The other important part of a good work space is fast, reliable internet. There’s nothing like a slow connection to not only slow your productivity but sour your mood as well!
Being productive is more a state of mind than a specific place. I can be productive just about anywhere if I set my mind to it. My ideal space? Any place with a comfy chair, a cup of coffee and no body talking to me.
Anywhere near coffee and a reliable internet connection. I also have to mix it up, too much home office work in one week just means I’ll eventually turn the television on and slip into my tv trance, so usually by Wednesday I need to get out and head for the nearest coffee shop. Sometimes even a bar will suffice; it’s nice sometimes in the afternoon before it gets crowded, and you can relax with a glass of wine and work on more fun projects while getting inspiration from the people you meet there.

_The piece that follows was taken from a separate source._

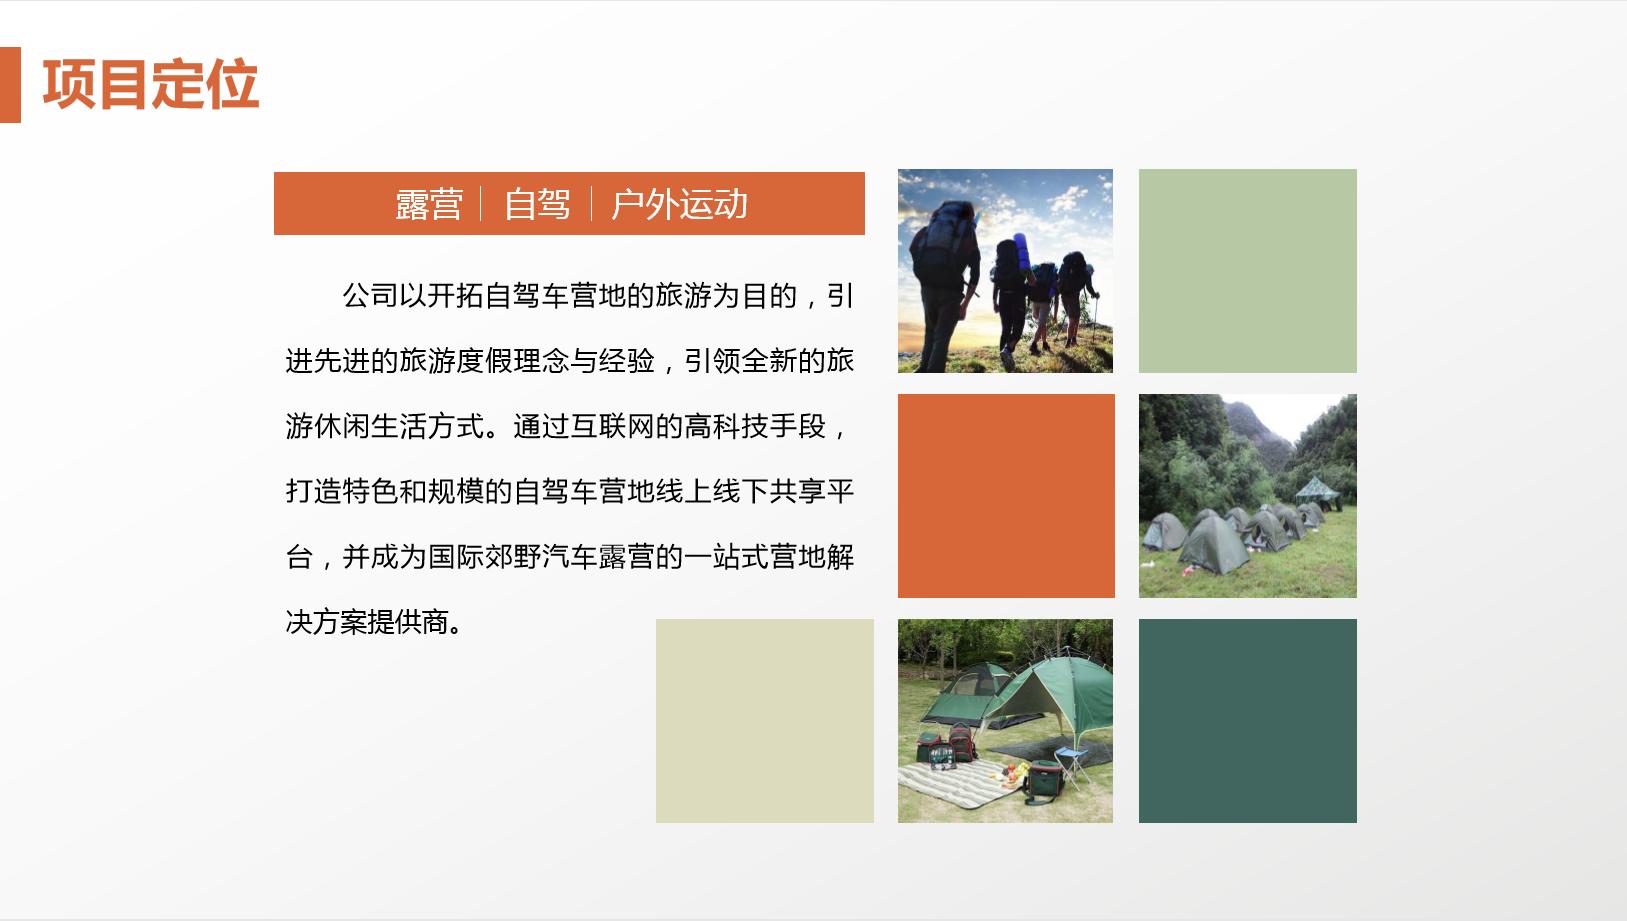 商业计划书融资计划书招商PPT创业计划书商用可行性报告BP

The best places for me to focus by far is definitely away from home. I’m not distracted by internet nor my two Lhasa Apso dogs. The number one place I go to is at a local library where there are private study rooms. These rooms are small enough that they fit only one person and have absolutely nothing on the walls for decor. Most of these rooms also have no windows to look outside. So there are no distractions whatsoever.
Another type of place I find where I’ve been pretty productive are hotel rooms during down time on trips. When I don’t feel like going out, my hotel room is also a place where I can get a lot done.
A closely related place as it’s during travel is on the airplane. When my seatmates are not that social and there are no screaming kids around, the otherwise steady drone of the airplane engine makes it a good place to do work as well.
The key is to utilize places where there are few distractions and bring whatever work I need to work on. Quite often, I feel like it’s part of my mission to become productive when I go to these places.
Check out your local Library. My library offers a sound proof, reserve only, study room. Even if your library doesn’t have a study rooms like mine, the quiet environment and studying atmosphere is great for productivity.
This may sound entirely contradictory to the goal of being more productive, but whenever it’s essential that I perform at a high level and remain focused and productive, I move my work station away from where it’s traditionally located and into another environment. I don’t move it to an inconvenient environment or one difficult to work in, just different. This jolts me out of my comfort zone and immediately all of my distractions go away (looking out the window to enjoy the view, unnecessary web surfing, etc.). When I’m out of my comfort zone, I focus on nothing but the work at hand and I stay focused, on point, and attentive until my work is completed. Although it does sound strange it’s an excellent and effective strategy.
The key for me seems to be moving around to places. I can work perfectly fine from home, but I can’t stay at home for days – nobody can. So I mix it up: alternating between my home, a park, my office, free wifi spots and libraries. Before needing to do a lot of work on my computer, I used to study a lot outside in the sun.
To be productive, I don’t need fancy gadgets – mindset is the most important. I can fret away time on Facebook and Twitter in my office as much as I can at home.
A few things that help me concentrate are: using a pomodoro app on my phone, and a pair of noise-cancelling headphones, sometimes just on silent mode, sometime with binaural beats, and sometimes with music. It all depends.